In passing the ag-gag laws, the Minister of Agriculture and Resource Development, Blaine Pedersen, stated that the law will “allow our farms and food processors to continue to produce food–or, to produce world-class, safe and healthy foods in a humane way with amendments that will enable law enforcement to protect the safety of food, livestock, and people.”

Responding to Pedersen, Member of the Legislative Assembly Diljeet Brar countered that the law “goes too far to target the rights of protesters, the people who care about animals, the people who care about fair treatment of animals, the people who raise their voices against animal cruelty at factory farms.” Brar goes on to ask “why the government is targeting the whistle-blowers and attacking [animal rights activist] rights to protest?”

Despite the possible limits to activist freedom of expression, Manitoba’s ag-gag law was passed largely along party lines, with Progressive Conservative members voting to pass, and New Democratic Party and Liberal members voting against passing. 
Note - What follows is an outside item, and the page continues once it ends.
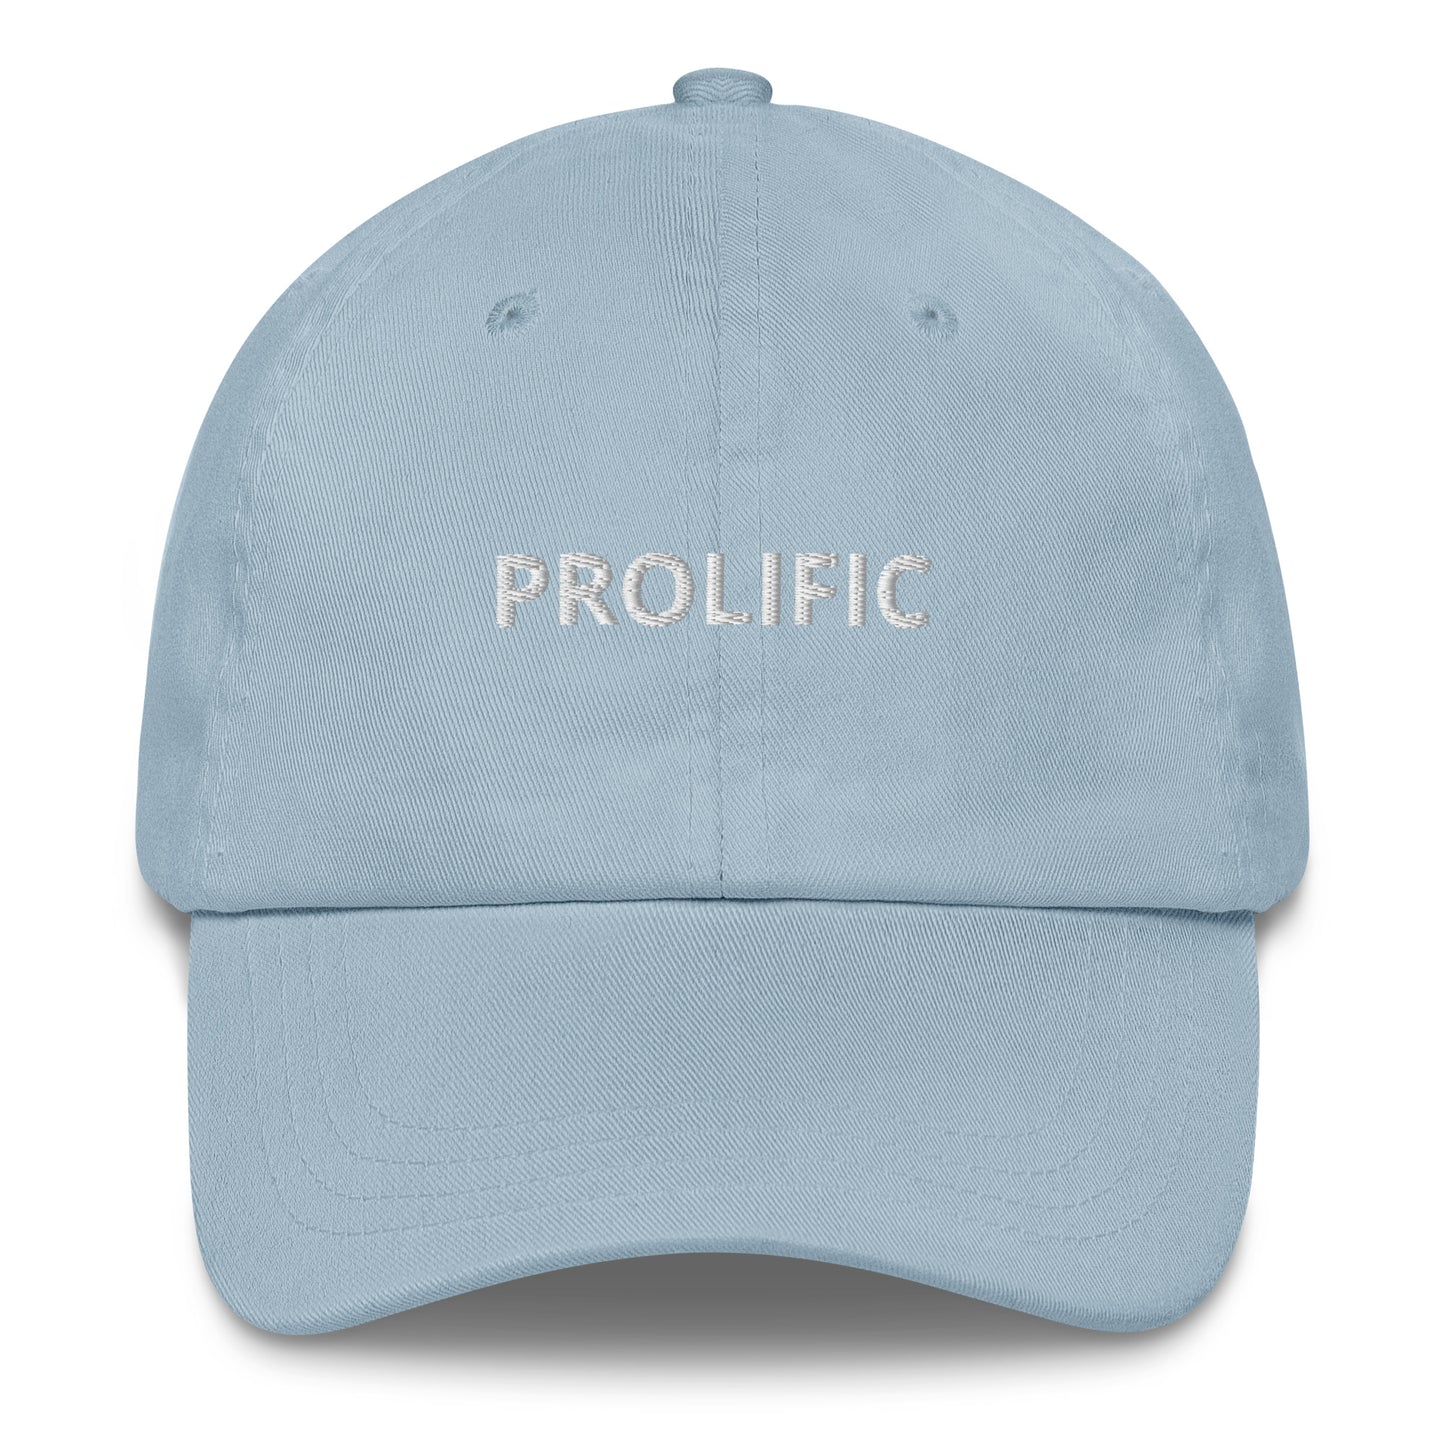 PROLIFIC hat

Activists and legal professionals are rightly concerned about the possible Charter violations, and additional litigation is inevitable. The chilling effects on freedom of expression brought on by ag-gag laws cannot be ignored, and cannot be upheld. Canadians should know how their food is produced, and make informed purchasing choices based on transparency. Ag-gag laws that shield the agriculture industry from public scrutiny should be struck down.